Sonja Prosenc’s “Family Therapy” is a study of dysfunctional family ties spruced up with a slew of oddities. The emphasis is placed on splintered bonding, which is accentuated with the arrival of a stranger. Olivia (Katarina Stegnar) and Aleksander (Marko Mandic) lead a quiet, unbothered life in their plush mansion in the middle of the woods with their teenage daughter.

The sterility of the swanky Kralj house is constantly being focused on. A certain coldness seems to leak from the elegantly sober walls themselves. Chatter among them is clipped. Nevertheless, the family keeps up its appearance, and everything is perfectly fine. But it doesn’t take much of a provocation for the parents’ elaborately mannered lifestyle and habits to indicate signs of steady rupture that has long been in the offing. All it needed was someone to pop up and tip them over the edge, revealing the fractures, resentments, and repressed anxieties. The film opens with the sudden arrival of Aleks’ son from a previous relationship, Julien (Aliocha Schneider). He becomes the perfect trigger.

Julien is a misfit in the elite echelons where the Kraljs are ensconced. However, he doesn’t display the slightest bit of discomfort. Julien is sure of his roots. He knows the strength in it and fully embraces it. There’s no denial or awkwardness in him for having a humble background. Instead, he remains perfectly at home and unhesitant to go to such posh environs as well. The gulf between how he has been in his life and where he finds himself now doesn’t limit him but emboldens him to put forth a string of challenges to the family of three, who seem visibly stressed in accommodating an outlier like him.

Quickly, he starts inciting a rebellion of sorts and disrupting the façade of genteel control that pervades the house. Everyone seems to be wilfully tucking away their exhaustion at the wretchedness of the circumstances, but they don’t express it overtly. The dissatisfaction lingers around the edges of the dynamics, slinking nevertheless an undeniably abiding presence.

There’s a lot of curdled, thickly hidden hate and antagonism, ill will, and a severe mismatch in wavelengths between the couple and the parent-child equation. Their daughter, Agata (Mila Bezjak), fumes at them for homeschooling her after she was diagnosed with leukemia. Olivia and Aleks keep her fixedly at home. She pines for friendships, but her parents insist that only this arrangement can guarantee her safety. It’s best she sticks within the walls of the house.

Family Therapy (2024) ‘Sarajevo’ Movie Review
A still from “Family Therapy” (2024)

Olivia and Aleks are so deeply cooped up in their silo that any stranger who evinces the slightest trace of being from a markedly different class warrants immediate suspicion. So, when another family comes seeking shelter in the middle of the night, the Kraljs’ first impulse is to wholly ignore their desperate knocking on the door. The family’s car has broken down. The Kraljs speculate if they are refugees. The family is, in fact, the same one whom the Kraljs had passed earlier that day. Julien had been startled then at their deliberate obliviousness. Now, he takes charge of the situation. He steps forth and lets the disadvantaged family in.

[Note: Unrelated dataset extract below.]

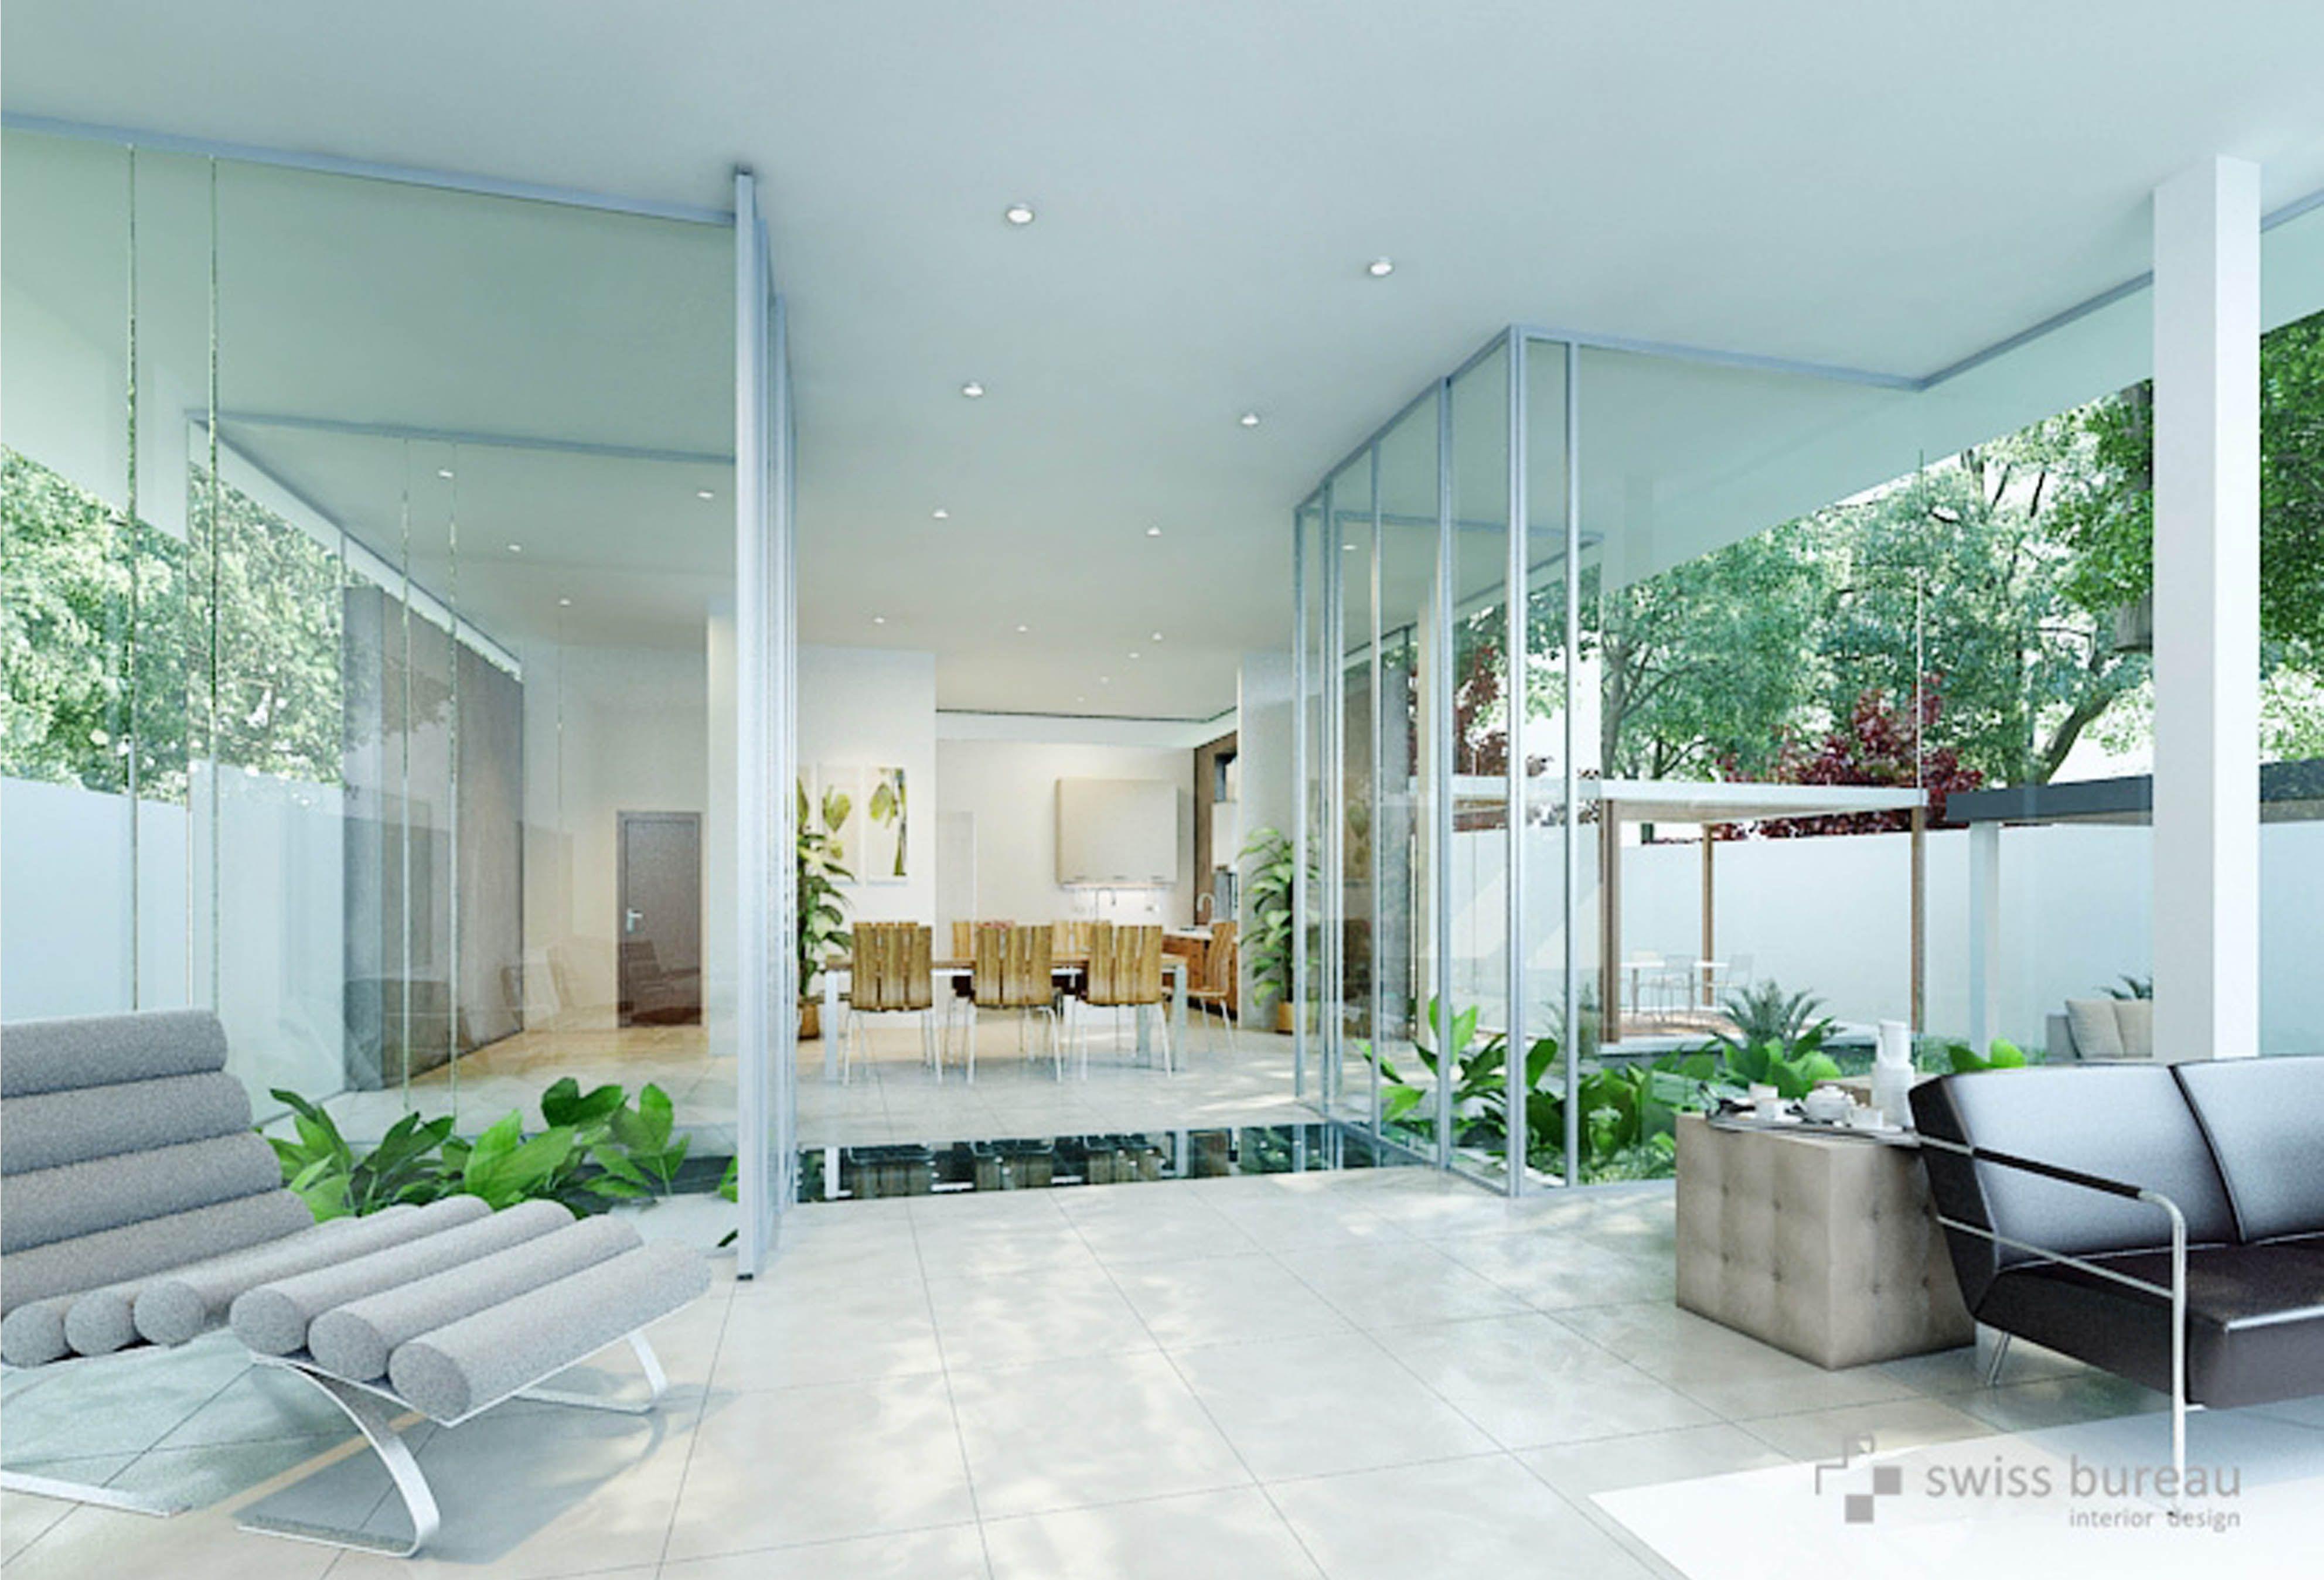 Modern villa interior designed by swiss bureau interior design llc

The Kraljs, overtaken with deep-seated fear, even lock up the room they gave to the family for staying the night. The next morning, a surprised Julien lets them out. Upon seeing the family gone, Olivia and Aleks immediately inspect for any probable theft. This is only the first section in “Family Therapy,” which gradually unravels the disintegrating shockwaves within the elite family as each comes to terms with their individual blind spots, flaws, and aches.

Olivia reckons with her growing disinterest in her marriage, while Aleks cannot quite own up to the sustained rough patch in his writing. With a frequent, generous swell of Vivaldi and Purcell’s music, the drama is shaded with wacky, surreal doses, swinging erratically between tragic expressions and absurdly comic interruptions.

Transgressions occur aplenty; Prosenc tells the story with levity, mischief, and tendencies to kookily heighten a situation. The triumph of “Family Therapy” is in its adroit mix of cool compositions and bold, stylized leaps that bring and enhance a strange mood to the tale.

Family Therapy screened at the Sarajevo Film Festival 2024.